Texas GOP Sues Republican Gov. Over Extending Early Voting Period By 6 Days

Texas Governor Greg Abbott has been accused of attempting to "act as a king" as he faces a lawsuit from his own Republican party for extending early voting in the state by six days.

Abbott was sued Wednesday by Republican Party of Texas and its chairman Allen West, Agriculture Commissioner Sid Miller, multiple Texas legislators and several other prominent Republicans in the state for deciding to allow voters to begin casting ballots on October 13 instead of October 19, the date dictated by Texas Election Code.
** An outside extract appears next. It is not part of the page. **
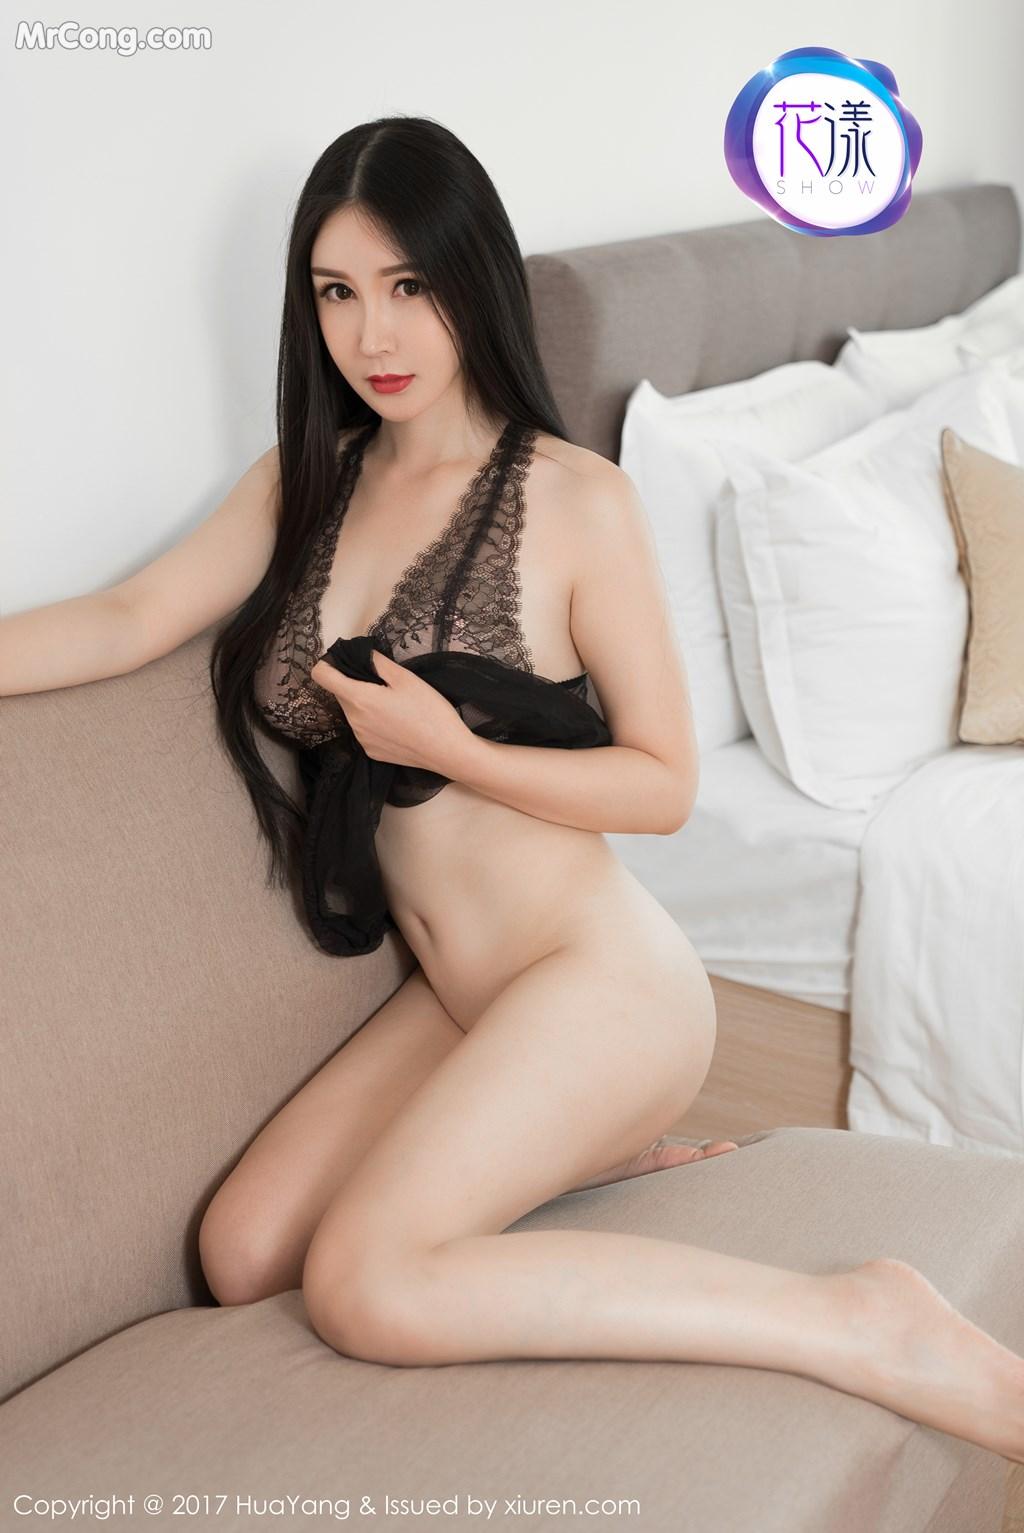 Image HuaYang-2017-12-05-Vol.017-Gu-Xinyi-MrCong.com-009 in post HuaYang 2017-12-05 Vol.017: Người mẫu Gu Xinyi (顾欣怡) (44 ảnh)
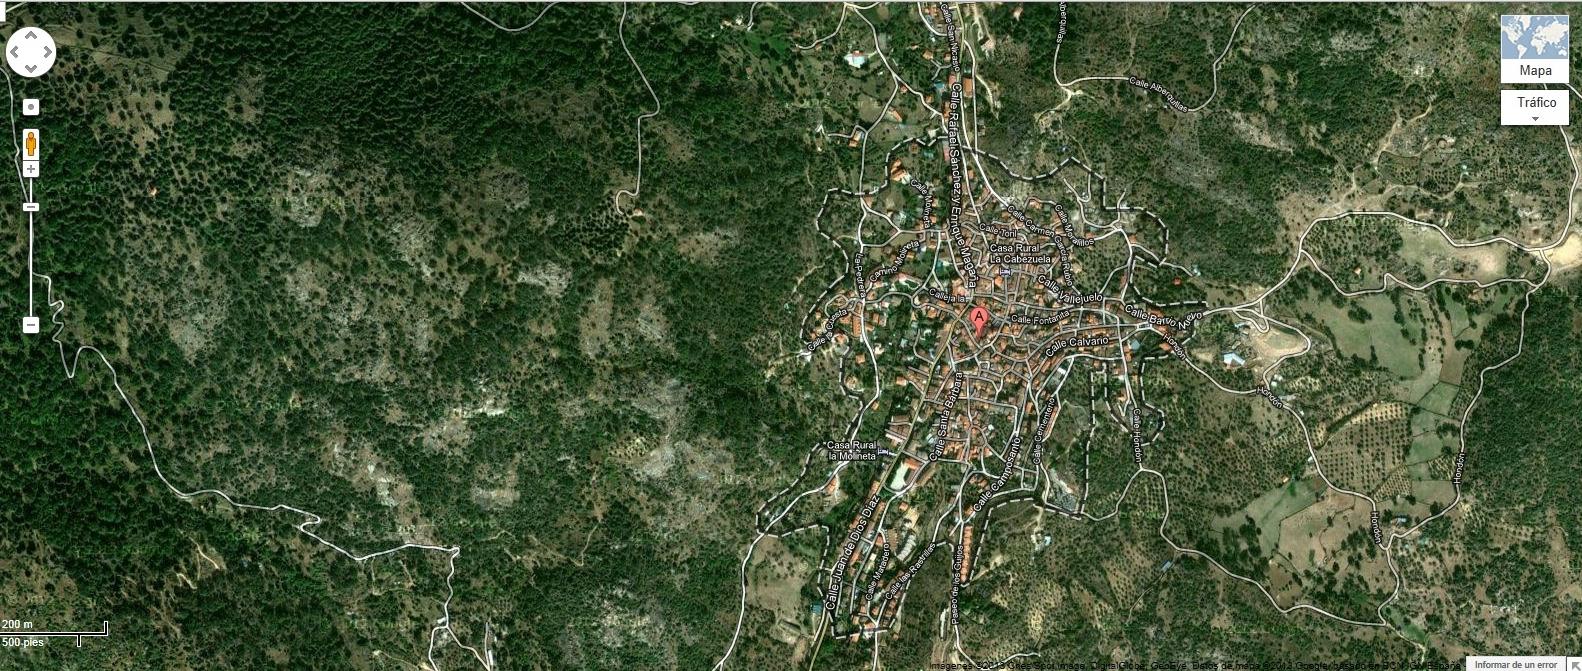 Pueblos de Toledo Guas Tursticas Rutas y lugares de inters

"Governor Abbott seems to have forgotten that the Texas Constitution is not a document that he consults at his convenience," Jared Woodfill, an attorney for the plaintiffs, said in a statement to The Texas Tribune. "It is an uninterrupted charter of governmental structure that limits the Governor Abbott's ability to act as a king."

Abbott has recently fallen out of favor with many Texas Republicans due to his response to the COVID-19 pandemic. The governor cited health concerns and the pandemic's impact on voters when making the decision to expand early voting in late July, while he has joined other GOP lawmakers to successfully oppose Democratic efforts to expand mail-in voting.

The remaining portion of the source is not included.